B'reishit begins on such an inspirational note, with the vivid description of the most marvelous creations: Heaven and Earth; the seas; the verdant plant life; Man and Woman; the Garden of Eden. G-d's b'racha rests on all the Universe.



But then, it's all downhill: Adam and Chava sin and are punished with mortality and exile; Cain murders his brother Hevel; the whole world sinks into an unbearable moral decay. Trouble in Paradise, to say the least.



The last four p'sukim in our sedra are puzzling in the extreme:



"And Hashem saw that Man's evil was great; his inclination was to do only evil, every day. And G-d regretted creating Man and was heartsick. He said: 'I will erase Man - not only Man, but all life, for I regret [nichamti] what I have done.' And Noach found favor in G-d's eyes."



What is going on here? G-d regrets making Man? As if He - who exists in the future as well as the past and present - didn't know what Man would do. G-d is "heartsick"? This is a Divine emotion?



And what is this whole section doing here, anyway? It should be the introduction to next week's sedra, the story of Noach and the flood, rather than the end of our sedra.



The key to this puzzle is the word "nachem". It can mean both "regret" and "consolation". If there is one thing which most requires consolation, it is the sense of regret we feel for love lost.
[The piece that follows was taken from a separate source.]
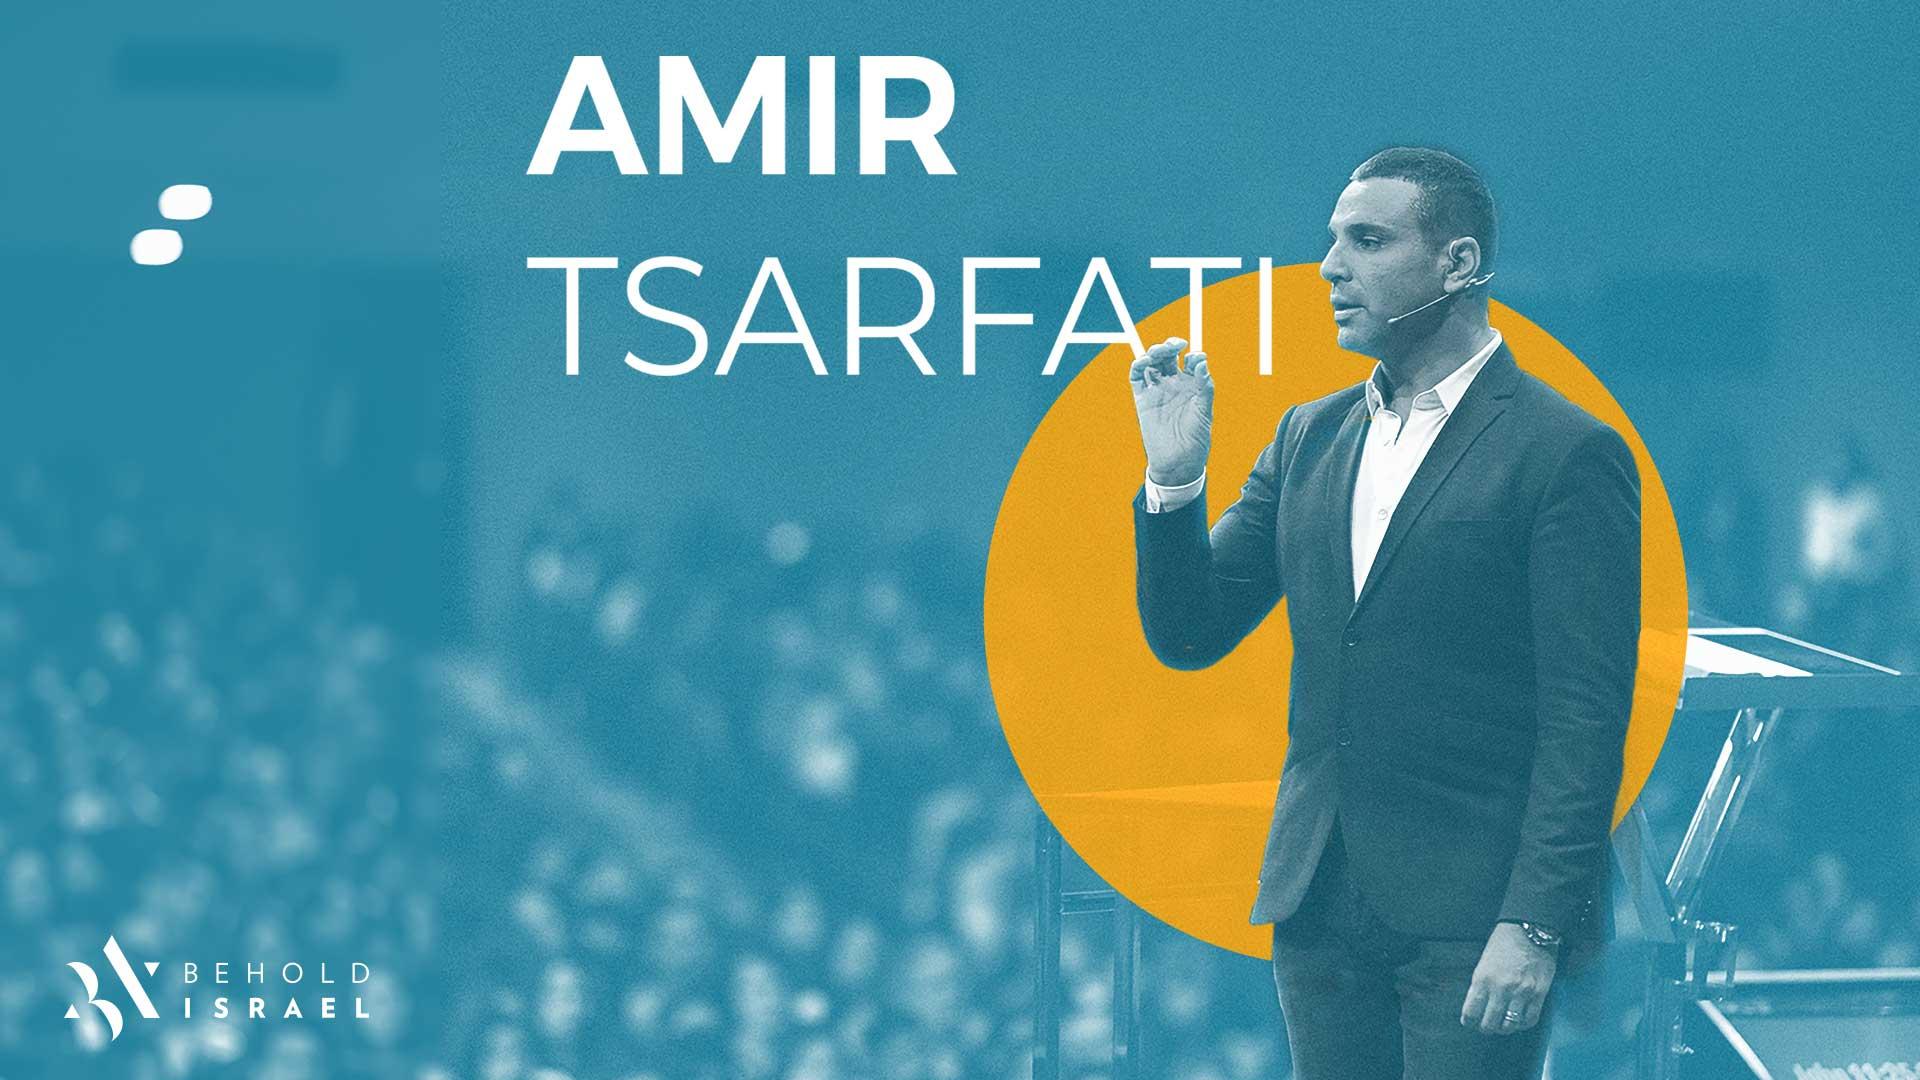 Behold Israel Podcast by Amir Tsarfati

If only we had loved more, loved longer, behaved better. The gap between what could have been and what was can often be an unbridgeable chasm.
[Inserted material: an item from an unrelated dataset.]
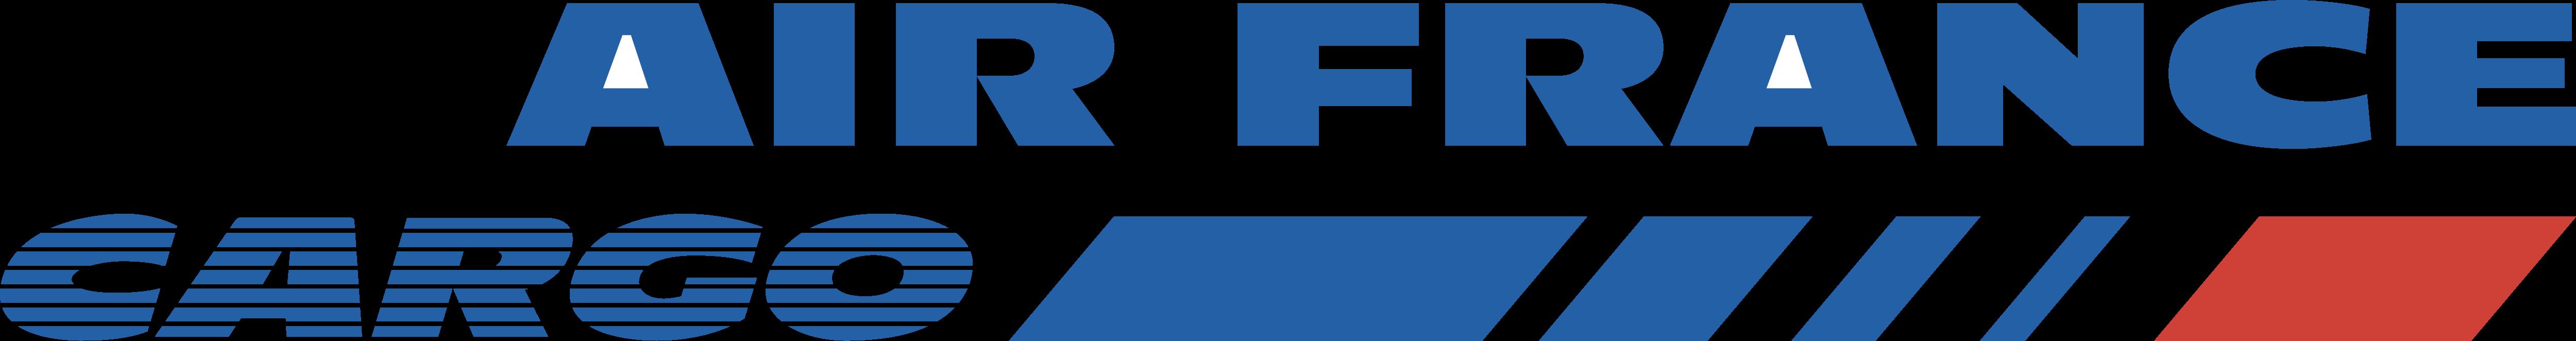 Air France - Air France Logo PNG

The midrash remarks: A heretic once asked Rabbi Yehoshua, "Did G-d not foresee what Man would become? Why then was He heartsick over Man's behavior?" The Rabbi answered: "Tell me: Do you not have a son? Did you not rejoice at his birth, though you knew he would someday die? Of course! Yet when you can be happy, be happy. When you must mourn, then - and only then - should you mourn."
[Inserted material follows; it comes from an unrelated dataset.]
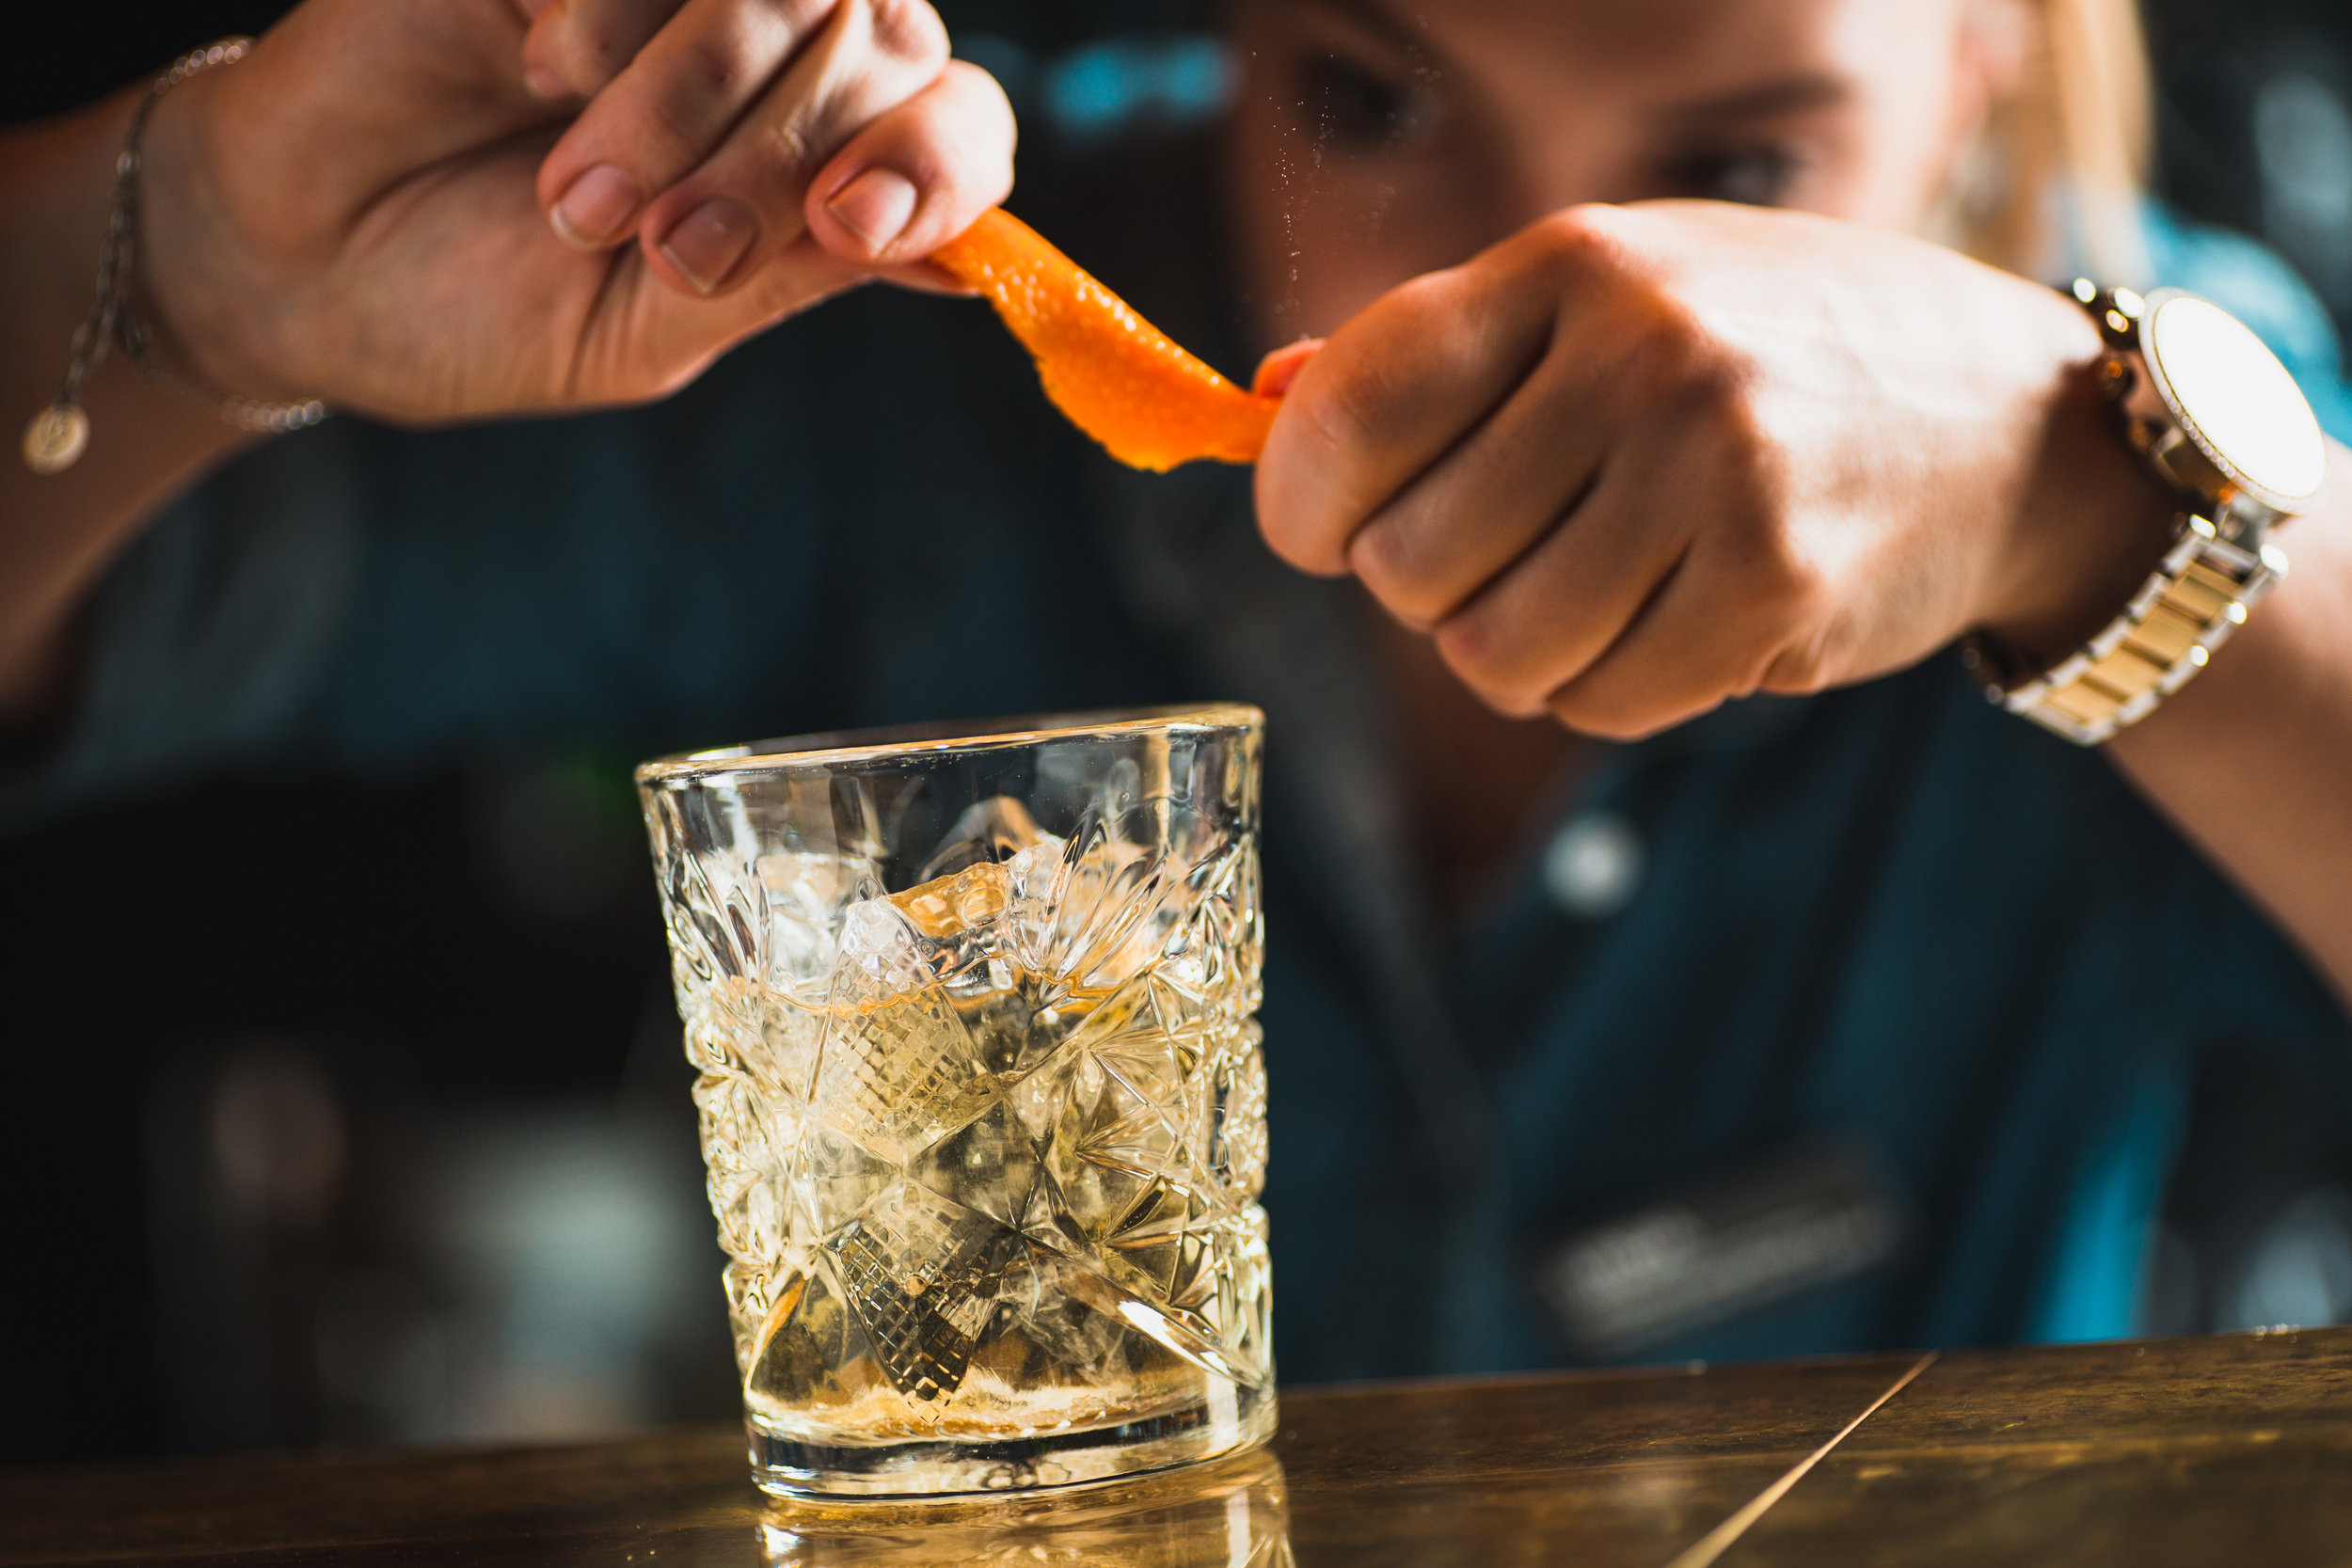 Quality-Hotel-Friends-BrasserieX-drink-zest.jpg

When one loses a child, G-d forbid, there is an impulse to say, "better not to have ever had this child, and so not suffer this tragedy." G-d, too, feels this same emotion. But then regret gives way to nechama. Take love and joy where you find it; deal with tragedy only if and when it comes. Yes, G-d was heartsick and regretted making Man, but then He went forward and began Creation anew with Noach.



B'reishit - the saga of humanity - cannot end on a sad note. It must affirm the eternity of life. Therefore, its "bottom line", the closing message of our sedra, is continuity, hope and nechama - the nechama of a Noach who found chen (favor).